А животные? Только здесь обитают многие редкие виды, и не только самые большие, но и самые яркие, пестрые…

Моя любовь к животному миру повела меня по национальным паркам. Парк парку рознь, их надо видеть, в чтении не охватить всей прелести этого творения человека разумного (все-таки таковые имеются среди людей). Парки под открытым небом расположены на громадных территориях; Крюгер Национал Парк, например, занимает около 20 000 кв. км. Мало это или много можно познать, сравнив. В туристических картах пишут, что это равняется территории такого государства, как Израиль! Один только этот парк посещает более полумиллиона человек в год, а их, национальных парков, несколько; есть еще и частные, достойные этого названия, но имеются и чисто коммерческие, где животные просто мучаются. На чем только не делают деньги люди. Бог создал землю, животных на ней, а человек загнал их в закутки, назвал огороженное парком и собирает деньги… и общество терпит это. Нечто подобное видел я и у нас – в Куртатинском ущелье. Какой-то бизнесмен огородил один маленький обрывистый холмик, свез туда медведя, оленя, лису, кабанчика и… двух ярко накрашенных девиц, которые собирают деньги с посетителей. И такие деньги стоит вход, что работники Крюгер Парка, где одних львов несколько тысяч, могли бы позавидовать; не потому ли Крюгер Парк посещает так много людей? А в Куртатинском частном парке я был чуть ли не единственным посетителем за полдня моего пребывания в этом красивейшем ущелье.
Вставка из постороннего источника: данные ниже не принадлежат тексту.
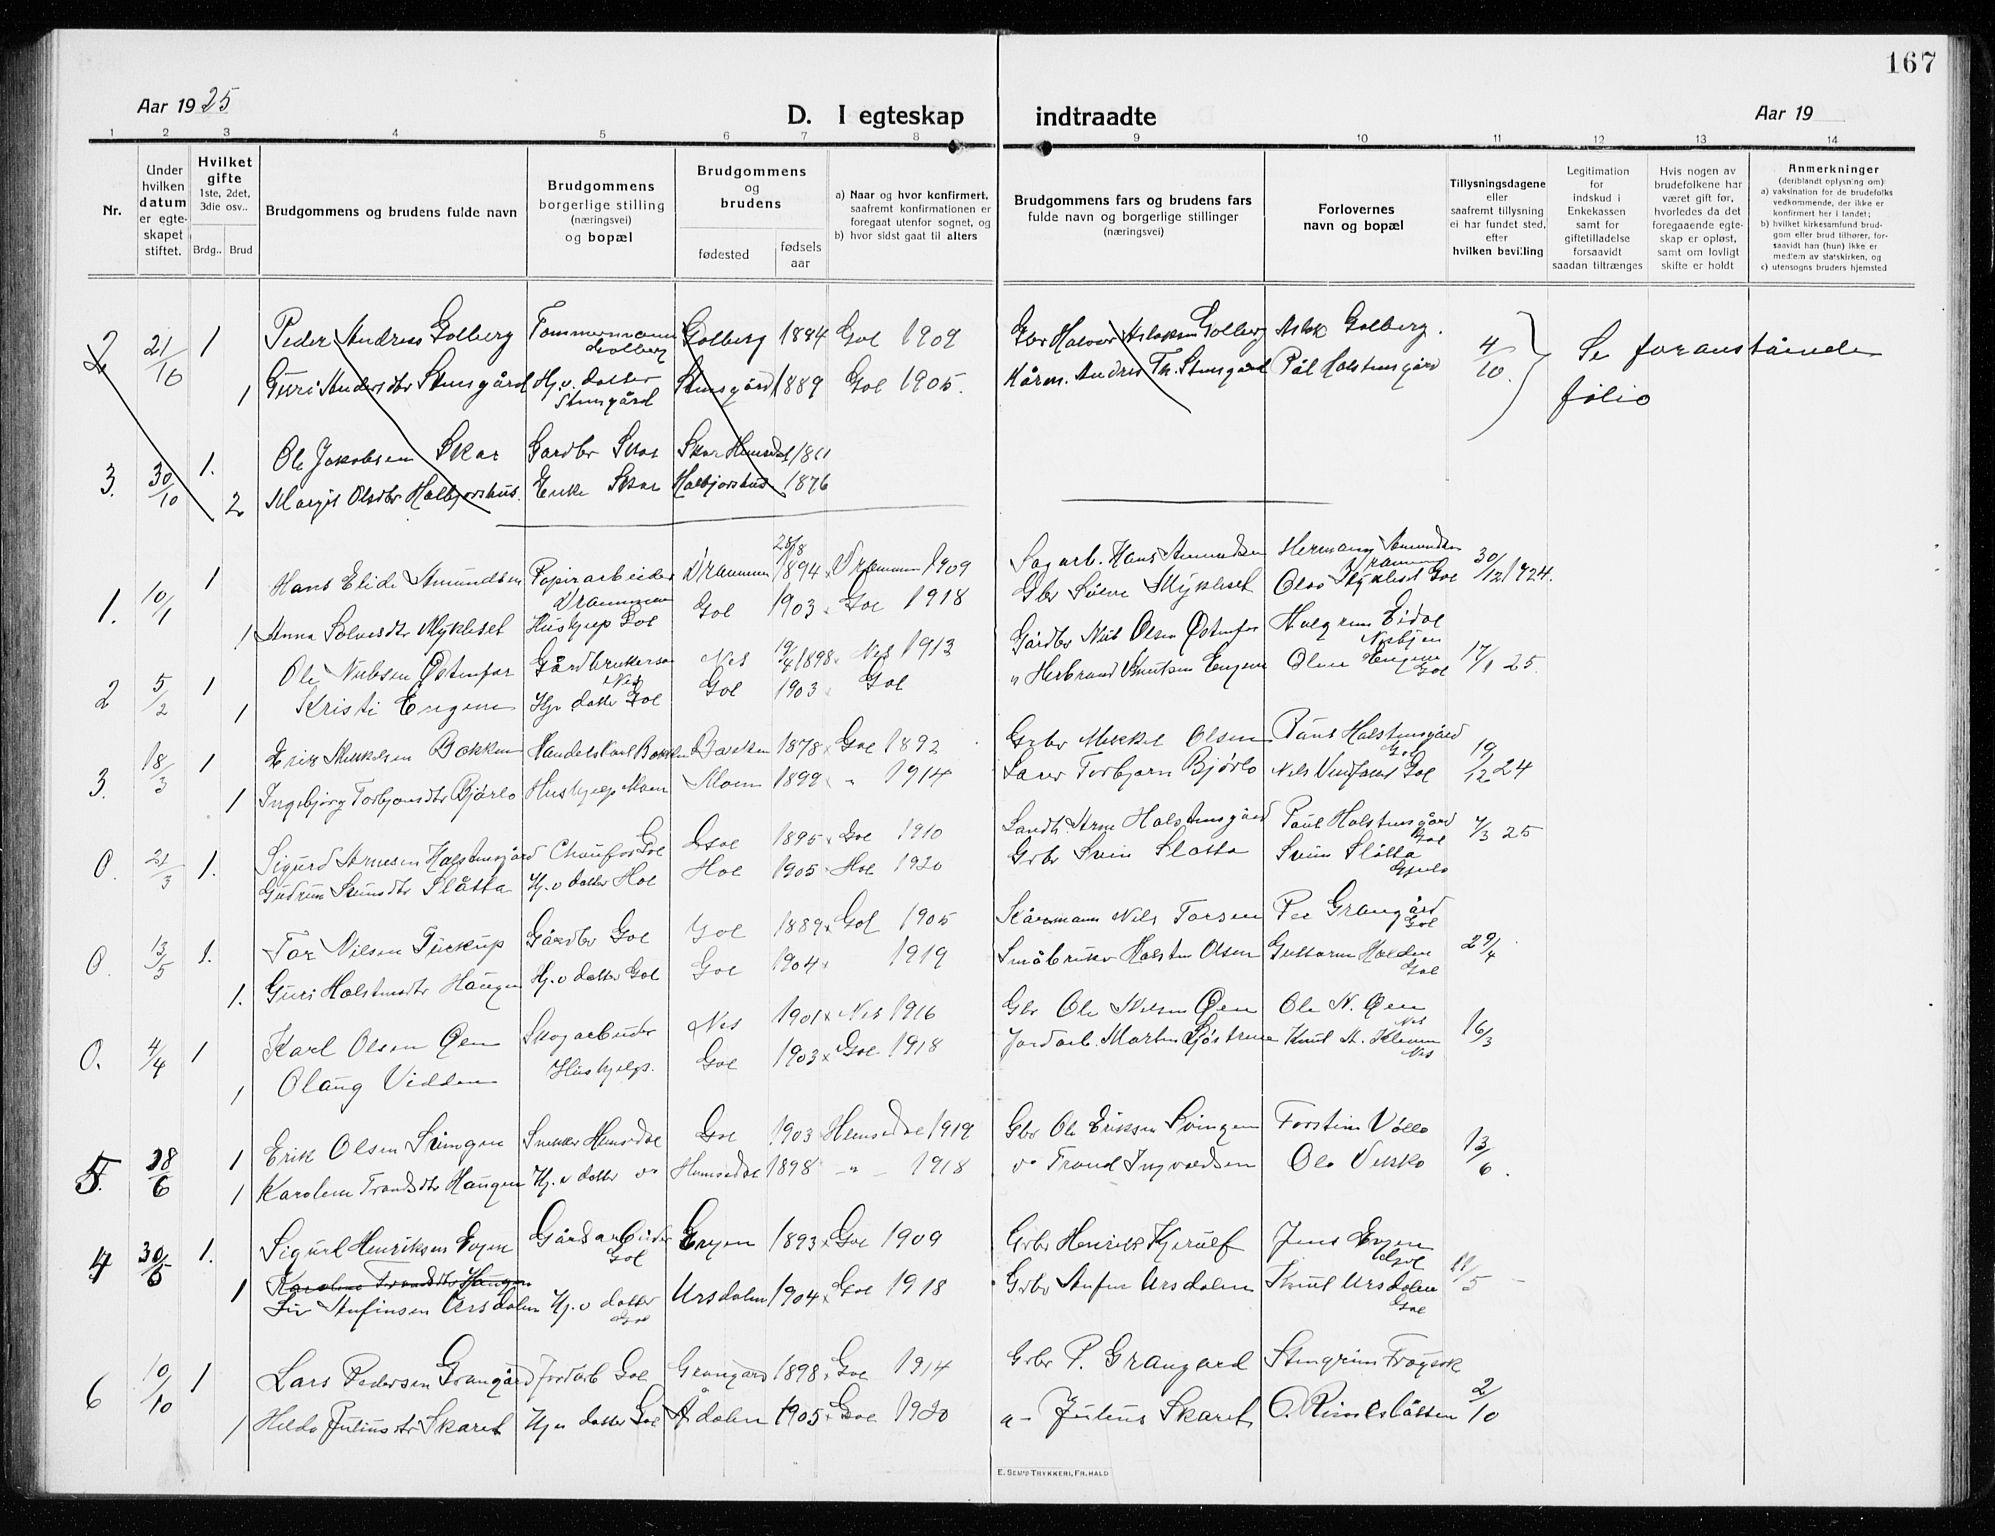 SAKO, Gol kirkebøker, G/Ga/L0004: Klokkerbok nr. I 4, 1915-1943, s. 167

Многие виды животных в Африке сохранились лишь в национальных парках. Например, в стране моего постоянного пребывания, Анголе, практически не осталось слонов (как у нас барсов, чье изображение мы поместили на флаге; как это символично – изобразить животное, которого у нас больше нет), и теперь их, слонов, завозят из других стран… Нам бы, по обе стороны перевала, серьезно подумать, ведь и мы можем лишиться многих редких животных. На нашего кавказского тура и сегодня охотятся нелегально, как в годы «развитого социализма» охотились легально. И что замечательно – лицензия на охоту выдавалась почти исключительно московскими чиновниками, которые никогда ранее не видели не только самого тура, но и мест его обитания; не имели они и никакого представления о количестве сохранившейся популяции, которая, по наблюдениям жителей горных поселков, сегодня идет на убыль, особенно после строительства Транскама.

Инфраструктура страны

Да парк парку рознь, как и колония колонии. Трудно назвать Южную Африку таковой, если даже колония, то совсем другого толка. Построить такое: самые большие и, представляется, лучшие в мире зоологические парки; порты – Дурбанский морской порт является самым большим не только на континенте, но и во всем Южном Полушарии; транснациональные и трансконтинентальные железные дороги…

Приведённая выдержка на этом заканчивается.